Assume $\{\alpha_1,\cdots\alpha_n\},\{\epsilon_1,\cdots,\epsilon_n\} $ are both orthonormal basis of Euclidean Space $V$. Consider the matrix $$A=(\cos\langle\alpha_i,\epsilon_j\rangle)_{n\times n}$$ $\langle\alpha_i,\epsilon_j\rangle$ denotes the angle between $\alpha_i,\epsilon_j$.
Prove 1. A is orthogonal. 2. Every orthogonal matrix can express as the form of $A$.

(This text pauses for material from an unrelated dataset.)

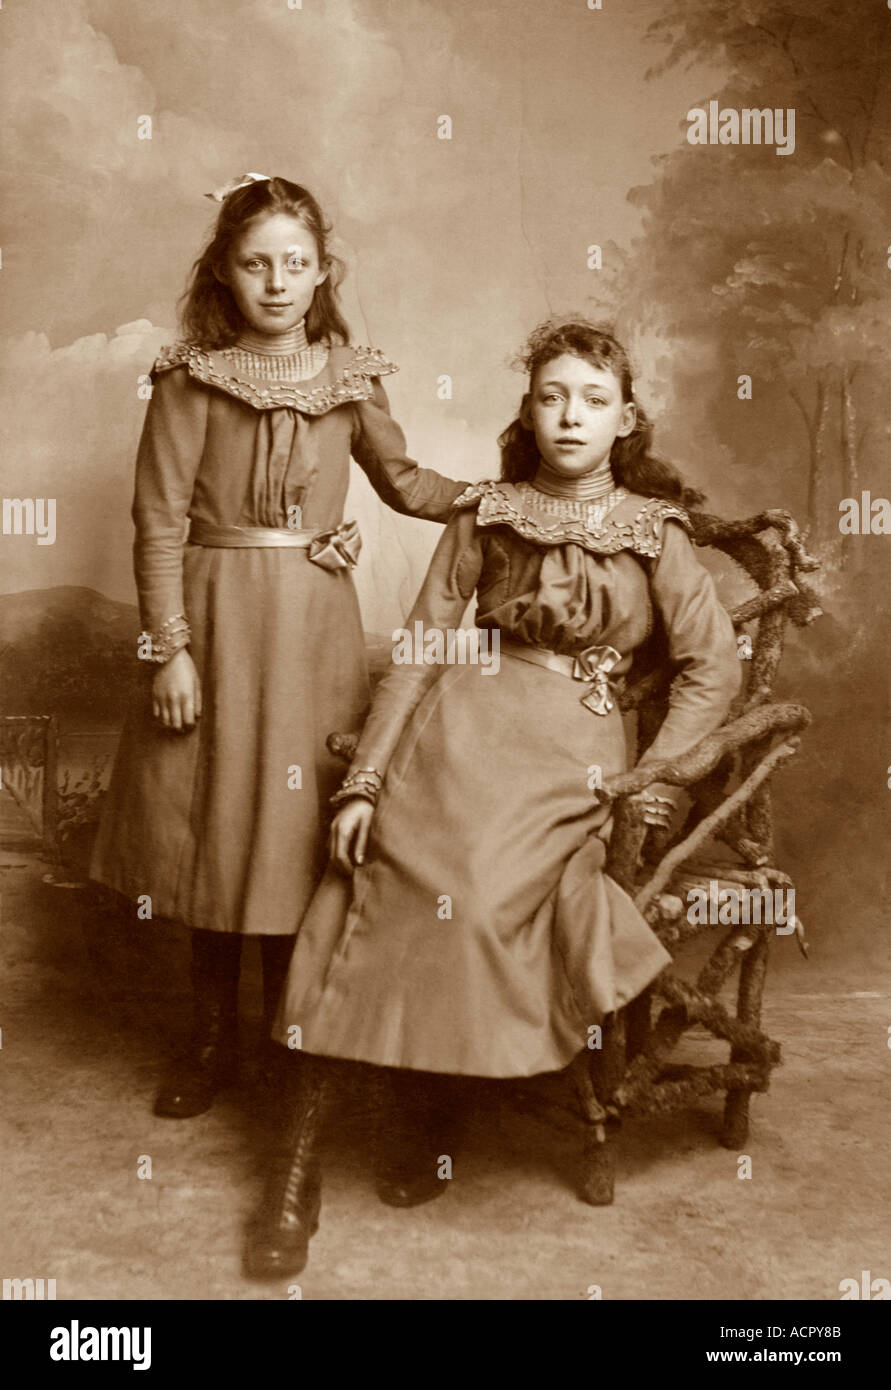 Original-Schrankkarte Fotografie Porträt zweier hübscher junger Mädchen aus viktorianischer oder edwardianischer Ära, wahrscheinlich Schwestern - um 1899 Salisbury, Wiltshire, Großbritannien Stockfoto

i.e prove $$\cos\langle\alpha_i,\epsilon_1\rangle\cdot \cos\langle\alpha_j,\epsilon_1\rangle+\cos\langle\alpha_i,\epsilon_2\rangle\cdot\cos\langle\alpha_j,\epsilon_2\rangle+\\ \cdots+\cos\langle\alpha_i,\epsilon_n\rangle\cdot\cos\langle\alpha_j,\epsilon_n\rangle=0$$ for $i\ne j$.
And
$$\cos\langle\alpha_i,\epsilon_1\rangle\cdot \cos\langle\alpha_j,\epsilon_1\rangle+\cos\langle\alpha_i,\epsilon_2\rangle\cdot\cos\langle\alpha_j,\epsilon_2\rangle+\\ \cdots+\cos\langle\alpha_i,\epsilon_n\rangle\cdot\cos\langle\alpha_j,\epsilon_n\rangle=1$$ for $i=j$.
How to deal with the sum?
Hint. The cosine of the angle between two unit vectors $u$ and $v$ is just their dot product, i.e. $u^Tv$. So, if $P$ is the augmented matrix containing the $\alpha_j$s as columns and $Q$ is the augmented matrix containing the $\varepsilon_j$s as columns, then $A=P^TQ$.
For the second part, take $Q=A$ with an appropriate $P$.